Thursday, September 3, 2009

Attempting to Quickly Diagnose Production Memory Leaks with JRockit

I just wanted to mention my favourite, not well known, JRockit diagnostic command which I've used a few times recently to resolve tricky JVM heap related issues in production environments.

Imagine the situation: You've performance tested and tuned your server and application to the hilt, but on day 3 after going live, the production servers are exhibiting excessive heap memory usage issues. You've been pushed into the noisy server room, the pressure's on and the project sponsor is pacing up and down behind you. Until a sys-admin sorts out a non-headless machine for you to run JRockit's Mission Control on, you're stuck with the command line on the production server you've just SSH'd into. You're desperate to be able to just issue a command or two into the shell to quickly see what's happening in the JVM heap before the sys-admin bounces the server to prevent it from going pop with out of memory errors. Well there is such a command that might just save you....

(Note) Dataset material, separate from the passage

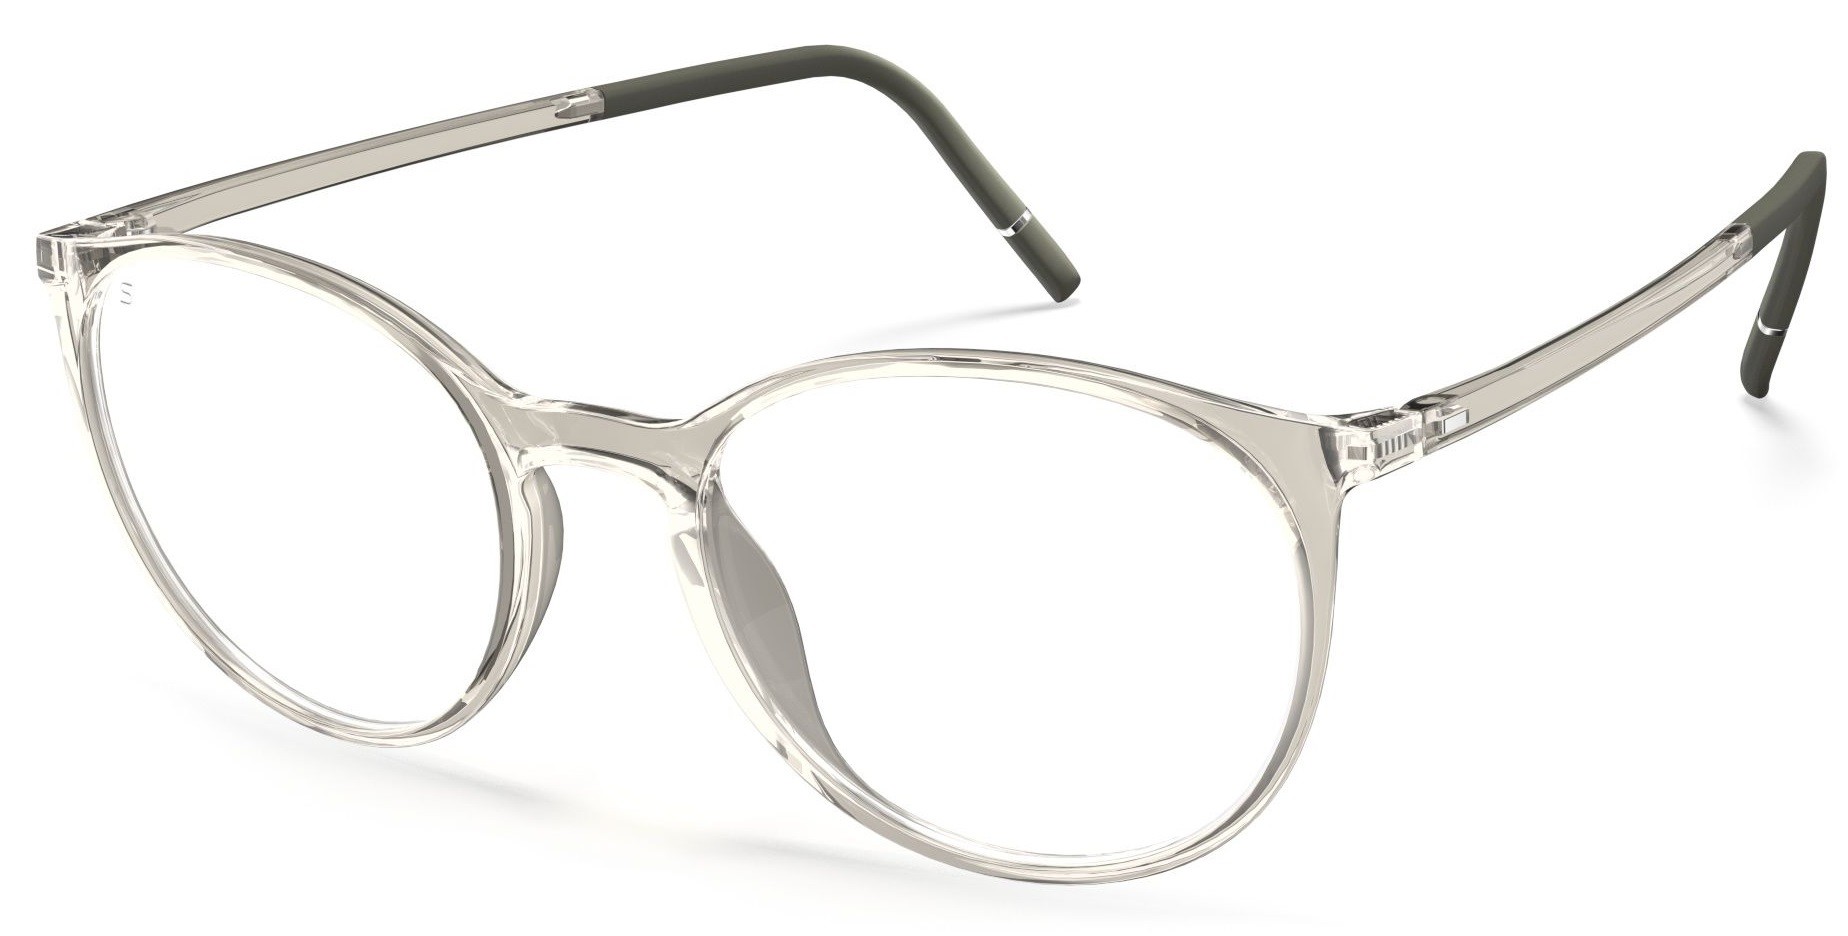 Silhouette 2960 8510 SPX Illusion - Oculos de Grau

Using JRockit's JRCMD command line tool you can issue a command called heap_diagnostics.

This command was new in JRockit R26.4 which was bundled with some of the later WLS 9.x versions and with all WLS versions from 10.0 onwards. It produces a diagnostic text dump of the state of the live JRockit heap, into sys-out of your command shell. The dump includes a summary of the current heap size and heap free, the layout of the native memory used by the JVM, the layout of the JVM's heap, and the state of soft/weak/phantom references and finalizers at the last garbage collection. Most crucially though, the dump also includes the number, percentage and size of every object type currently held in the heap, in order of the largest consumer first. If you suspect a memory leak and look at the names of the classes listed at the top of this list, you have a good chance of very quickly discovering which objects are being leaked. This may not directly point you at the root cause, but it will give you a much better idea of where the problem may lie.

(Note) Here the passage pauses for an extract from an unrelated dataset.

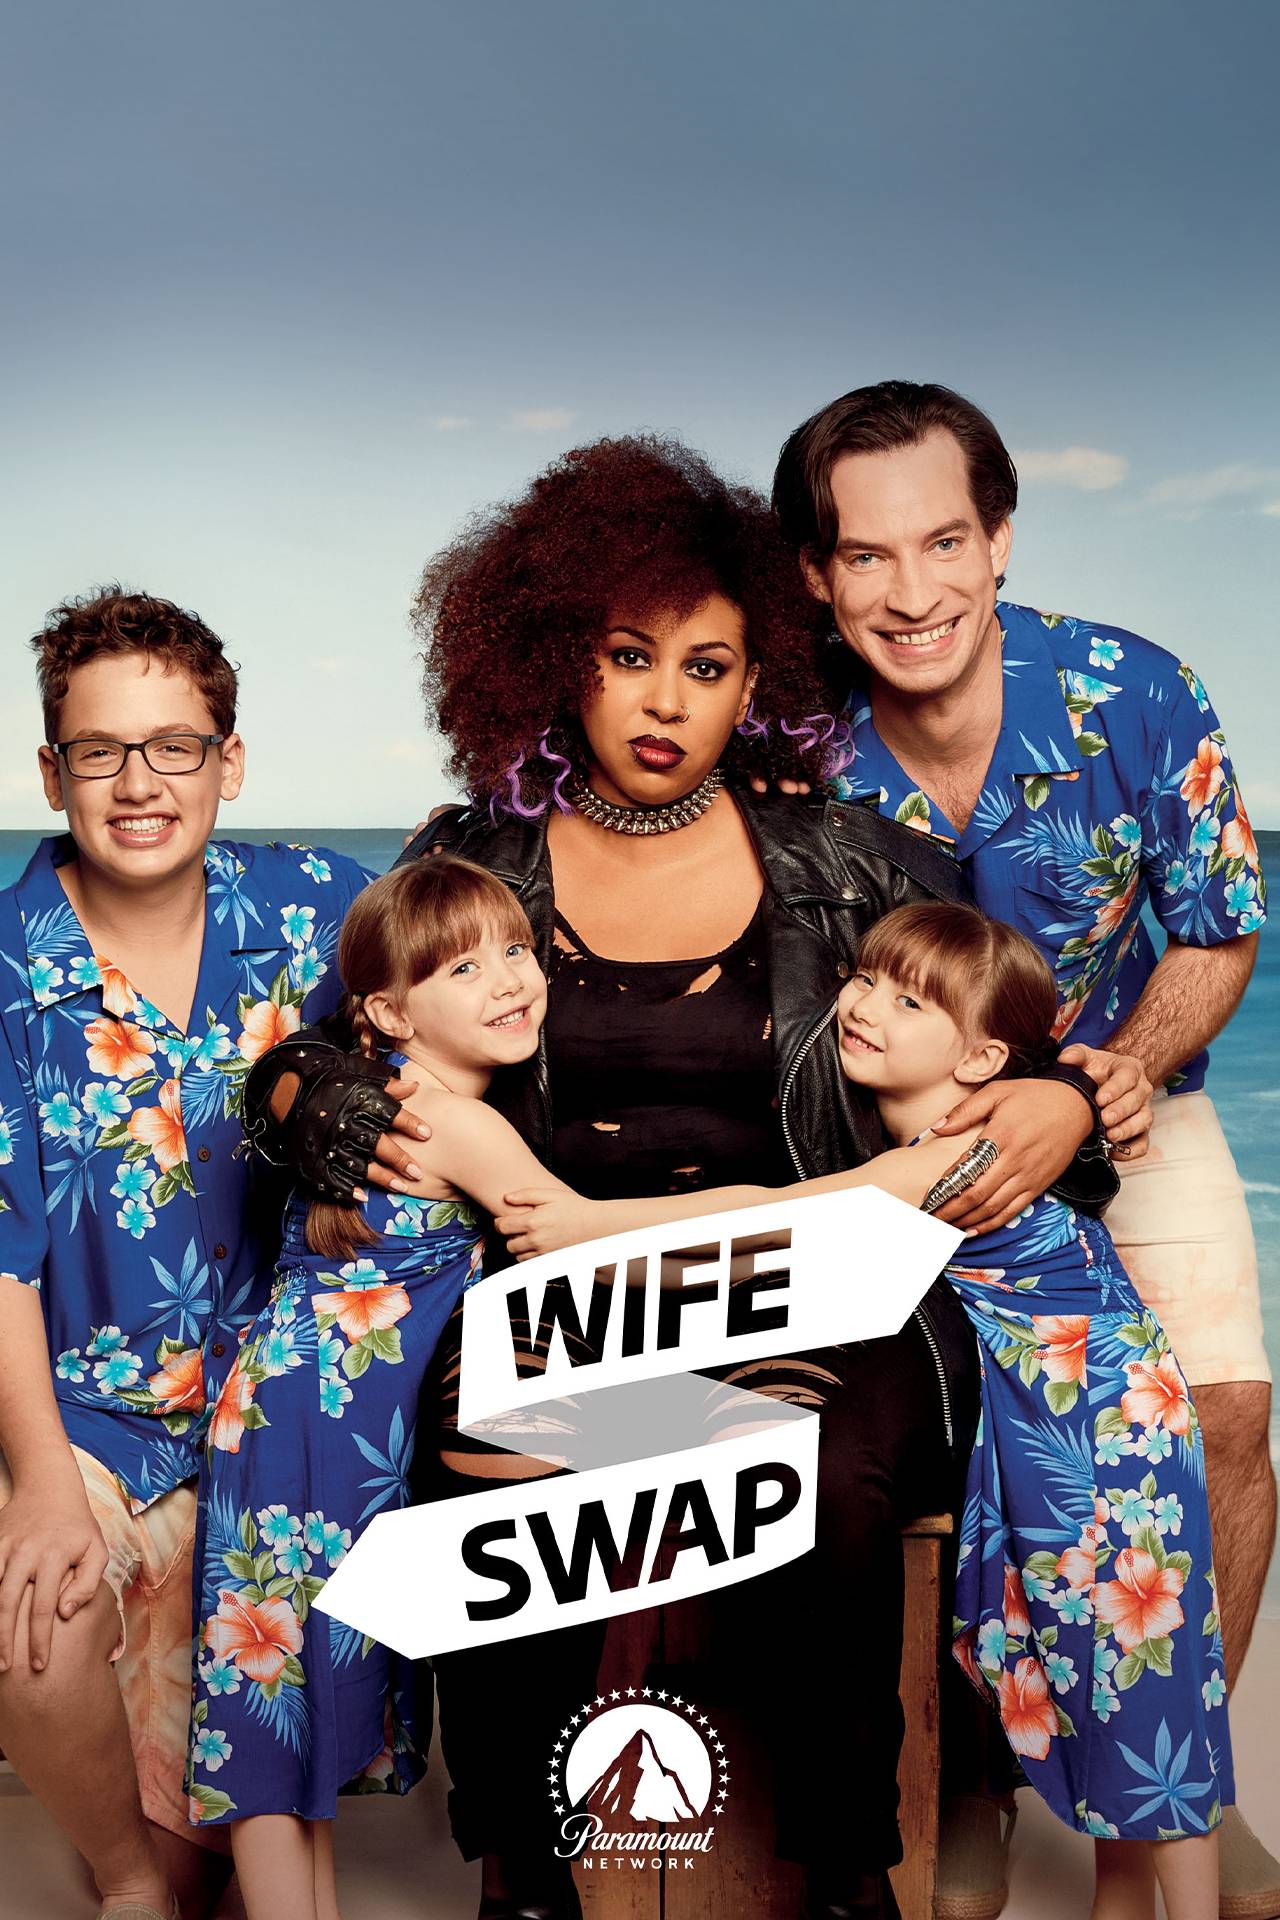 david kickert recommends True Wife Swap Stories

As an example, to produce a diagnostic dump on a Unix based host environment, run the following commands to: (i) make the JRockit JRE and tools visible to your shell, (ii) determine the operating system's process ID of the WebLogic instance you want to probe, and (iii) generate the diagnostic dump into a text file:
$ . /opt/oracle/WLS103/wlserver_10.3/server/bin/setWLSEnv.sh

$ jps -l | grep weblogic
9681 weblogic.Server

$ jrcmd 9681 heap_diagnostics > heapdump.txt

The command takes a second or two to complete (depending on the current size of your heap and how much is in there). In the environment where I was chasing a memory leak, the dump text file was about 0.5 MB in size, which I've truncated and shown below.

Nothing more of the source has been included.